これらに,当時の活動に関わった当事者たちのインタビューを加えることで,現在の視点から振り返るさまざまな声を導入した。インタビューは24名におよび,1時間前後の映像インタビューをそれぞれ3~10分程度に編集し,計160分ほどにまとめる作業を石谷が行った。このインタビューにより,1990年代を通してさまざまな活動に関わった個々の当事者の観点から,ムーブメントを振り返ることの出来る複眼的な視点を導入できた。90分程の『ダイヤモンド*アワー』を展示空間で上映することは断念し,その代わりにパフォーマーの紹介にもなる「予告編」として再編集して上映した。これら過去の映像資料は現在のインタビュー映像とも響き合う。展示空間を斜めに横断して,異なる要素が反照しあう空間構成も,展示の特徴である。『ダイヤモンド*アワー』は,宇宙人が当時のビデオを再生するという場面からはじまるが,本展示は,その視点を再現するかのようなアーカイブを実現できた。シモーヌ深雪氏とD・K・ウラヂ氏によって《ロイヤル・ウィッグ》が新たに制作され,中心にすえられ,当時の精神を具現化している。

【関連イベントの実現】

関連企画として,新宿二丁目のクラブ「AiSOTOPE LOUNGE(アイソトープ・ラウンジ)」で『ダイヤモンド*アワー』を上映することになり,さらにシモーヌ深雪氏の提案で,映像にあわせて数人のパフォーマーが自分の場面を再現する「飛び出すダイヤモンド・アワー(3D)」が実現したことで,今回のアーカイブ展はいっそう意義深いものになった。その実現には,制作者のD・K・ウラヂ氏とともに,現在も月1のイベントを続けている「ダイアモンズ・アー・フォーエバー」の現メンバーの協力も欠かせず,感謝は尽きない。さらには,森タワー52階の展望台にあるレストランTHE MOONから,クロージングイベントの提案もあり,もうひとつのパーティーも実現した。というのも,オーガナイザーは昔からクラブで働いており,「ダイアモンズ・アー・フォーエバー」のパーティーもよく知っていたからだという。

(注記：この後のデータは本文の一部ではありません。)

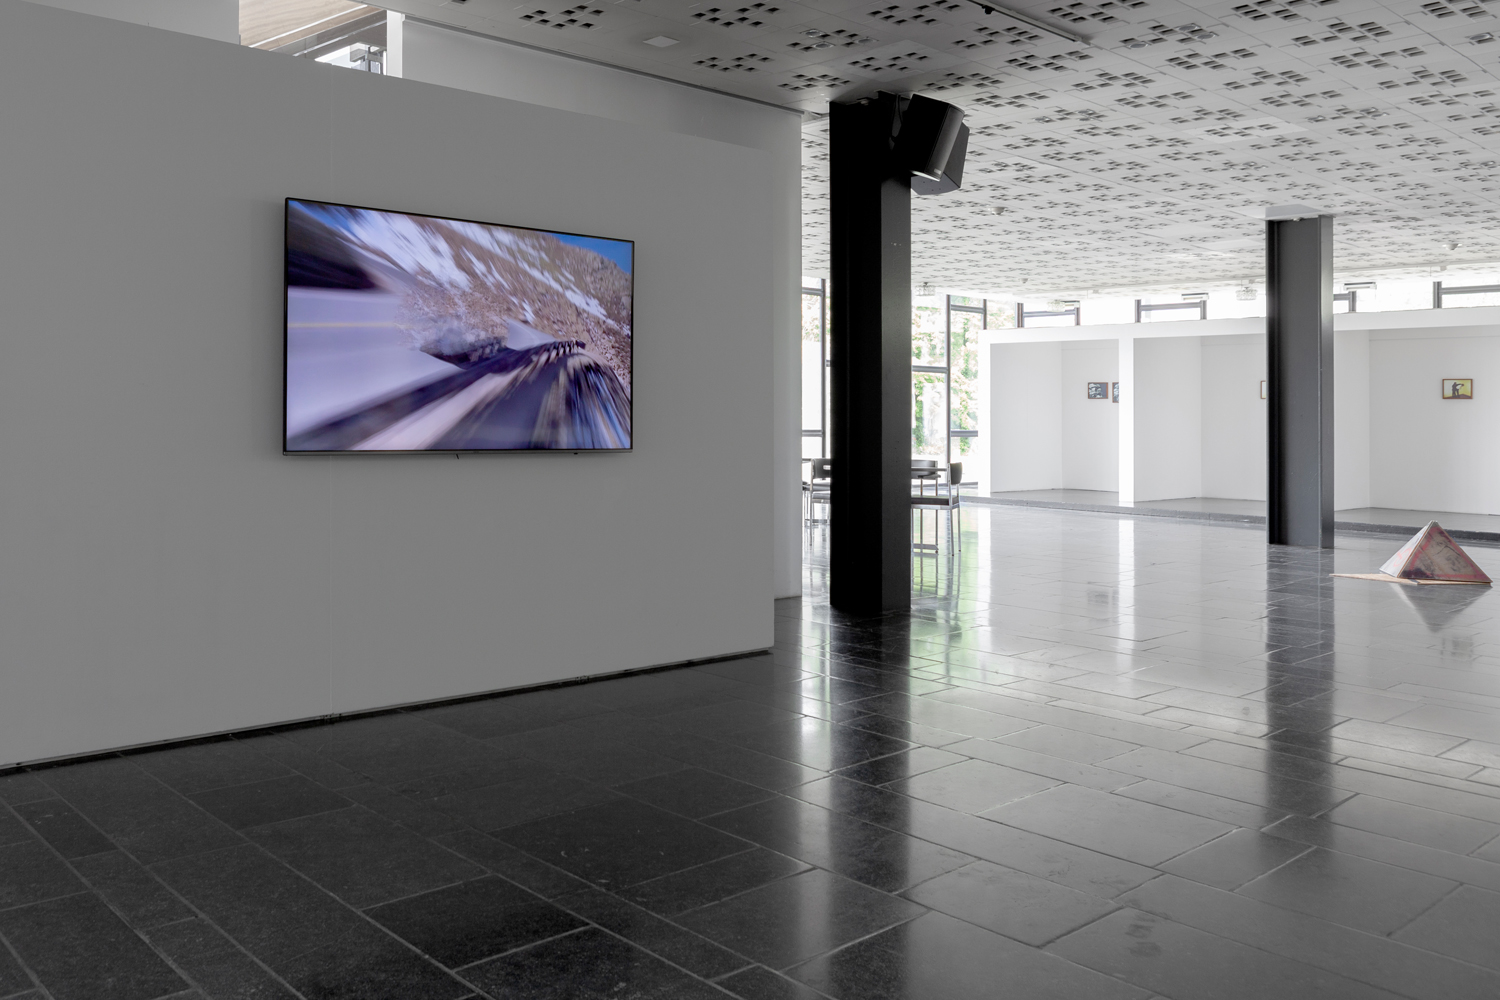 Zach Nader, ‘Optional features shown’, 2012, single-channel HD video, Courtesy of the artist and Microscope Gallery

このように企画者側の当初の意図を超えた反応と動きが,アーカイブ展を通して広がったことは,本企画の最大の成果だろう。資料を整理し公開する意義は,アーキビストの解釈や理解を超えて,さまざまな受け止められ方がなされることにある。パーティーには,当時の活動に携わった東京在住の関係者も多数訪れ,盛況となった。今回は,資料展を契機にイベントが実現したことで,アーカイブや再演の創造的可能性を深めることができた。この調査活動は発展させる余地が多く残されており,今後もさまざまな可能性を模索していきたい。(石谷 治寛)


トークセッション 第1回

「1990年代の京都を,いま振り返る」

日時:2018年10月6日(土)14:00~16:00

出演:ブブ・ド・ラ・マドレーヌ(アーティスト),砂山典子(ダンサー,パフォーマンスアーティスト),アキラ・ザ・ハスラ―(アーティスト),宮田ヒロシ(クリエイティブ・ディレクター)

モデレーター:石谷治寛,椿 玲子

 

トークセッション 第2回

「ダイアモンドは永遠に――日本におけるドラァグクイーン・パーティーの起源」

日時:2018年12月12日(水)19:00~21:00

出演:DJ LaLa(ミュージシャン),ブブ・ド・ラ・マドレーヌ(アーティスト),マミー・ムー・シャングリラ(サウンド・アーティスト),D・K・ウラヂ,シモーヌ深雪(シャンソン歌手,ドラァグクイーン)

モデレーター:石谷治寛,椿 玲子

 

ドラァグクイーン・パーティー&フィルム・スクリーニング

「DIAMONDS ARE FOREVER TOKYO」

1部 飛び出すダイヤモンド・アワー(3D)

2部 Show The Revue on Revue

日時|2018年12月11日(火)19:30~0:30

会場|AiSOTOPE LOUNGE(アイソトープ・ラウンジ)

出演:DJ LaLa,DJ kor,シモーヌ深雪,ブブ・ド・ラ・マドレーヌ,マミー・ムー・シャングリラ,フランソワ・アルデンテ,アフリーダ・オー・ブラート,そよ風さん,ショコラ・ド・ショコラ,サナ・サイーダ,オナン・スペルマーメイド,ダイアナ・エクストラバガンザ,エンジェル・ジャスコ,おりいぶぅ,ウラジミール・パウダリーナ ほか

 

THE MOON×DIAMONDS ARE FOREVER presents “After The Crescent”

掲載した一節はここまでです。